И тон у стихов особый.
И лицо есть своё. И голос.
Да, собственно, всё в них – его, не чьё-нибудь там, а губановское.
Но что же меня останавливает?
Что мешает их сразу принять?
Непохожесть их, очевидная, на то, что сам я писал?
Так она и должна ведь быть, эта самая непохожесть. Грубоватость их? Ну и что!
Нет, не знаю. Пока – не знаю.
Но что-то мешает мне принять их безоговорочно.

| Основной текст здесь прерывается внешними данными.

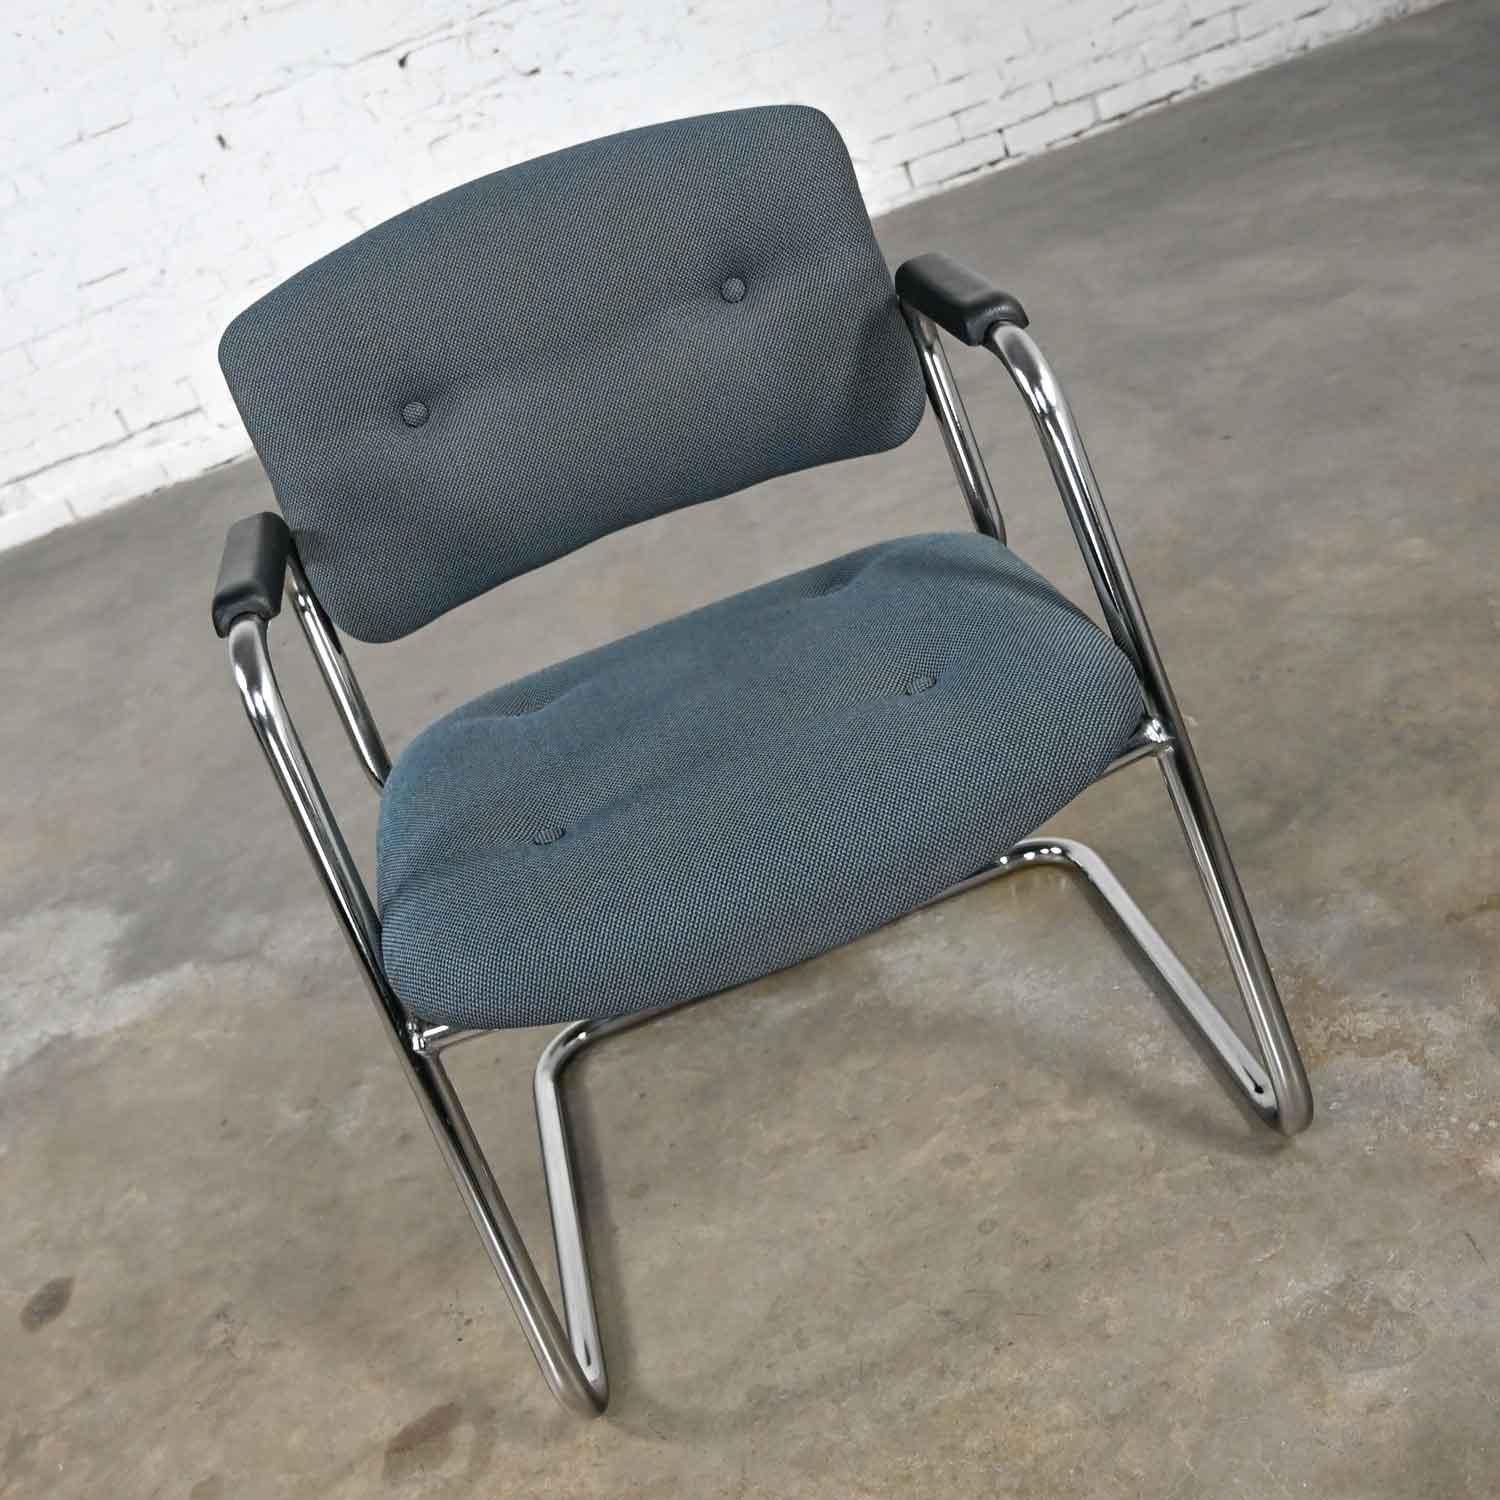 Chaises cantilever vintage gris-bleu et chrome par United Chair Company dans le style de Steelcase. Composé d'un cadre cantilever chromé, d'accoudoirs en plastique noir et de leur tissu original en tweed sarcelle et gris avec des boutons. Nous avons
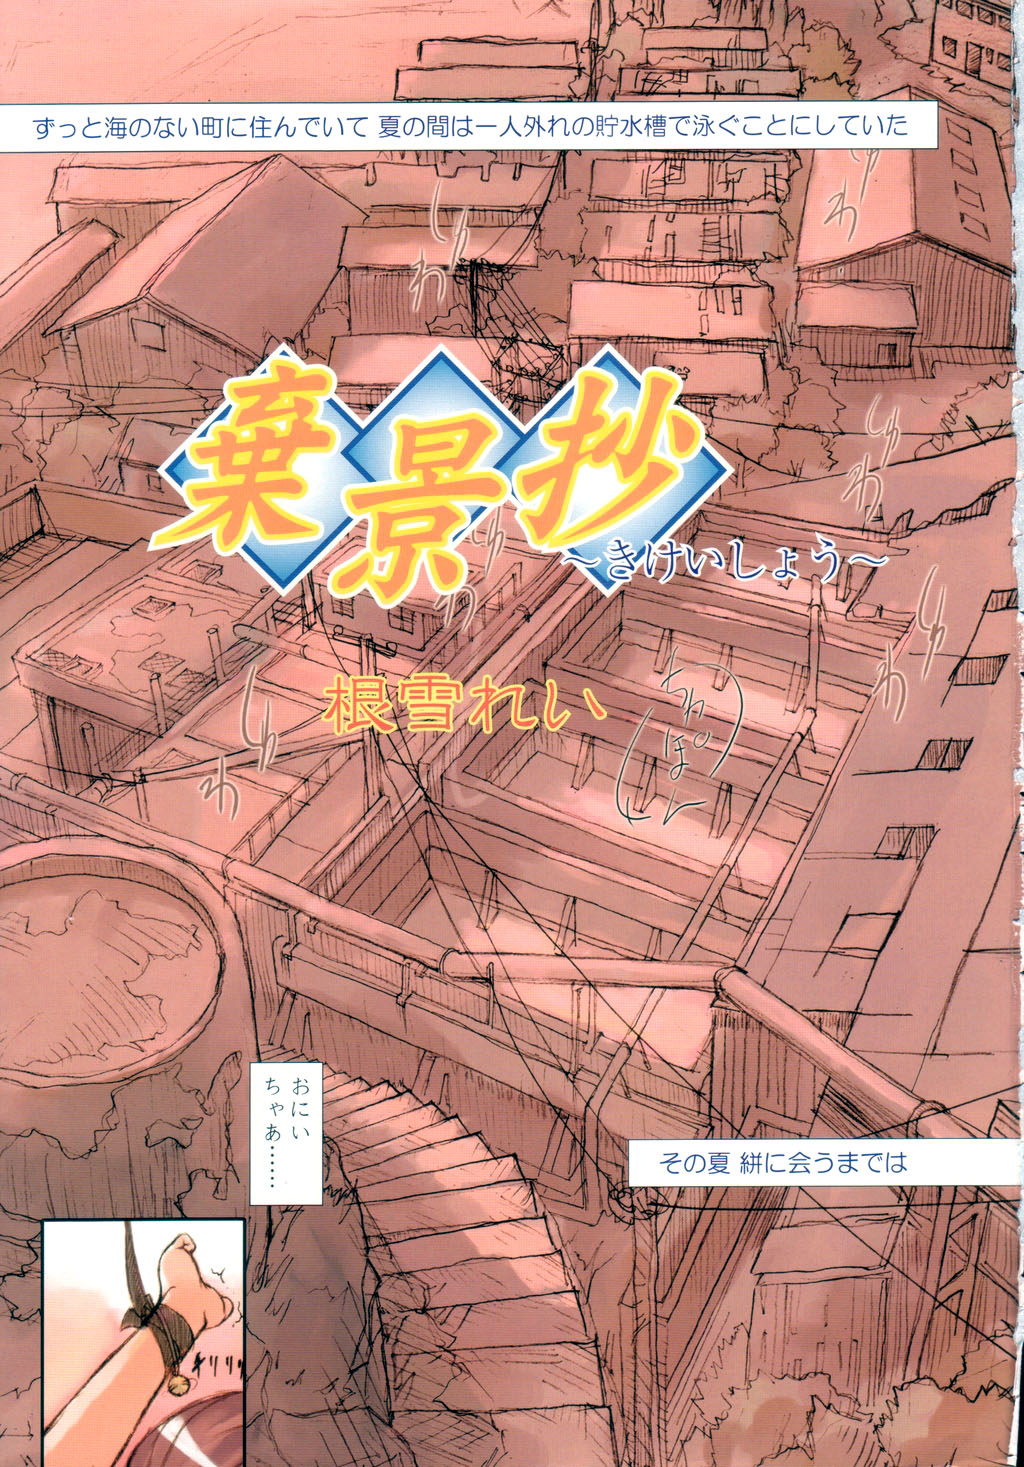 COMIC LO 2003年9月号 Vol.3

И ничего, пока что, видать, не поделаешь с этим.
Губанов это заметил.
Чутьё у него, врождённое, импульсивное, обострённое, на всё вообще вокруг, сразу, оптом, было отменным.
Да и реакция тоже, на любое движенье извне.
И тем более, разумеется, – на то, как люди, которым доверился, вроде бы, он, раскрылся, пускай и на время, перед ними, воспринимают, в основном, по традиции, с голоса, не с листа ведь, это не к месту и не к спеху, его стихи.
Обо всём этом я узнал не тогда, но уже очень скоро.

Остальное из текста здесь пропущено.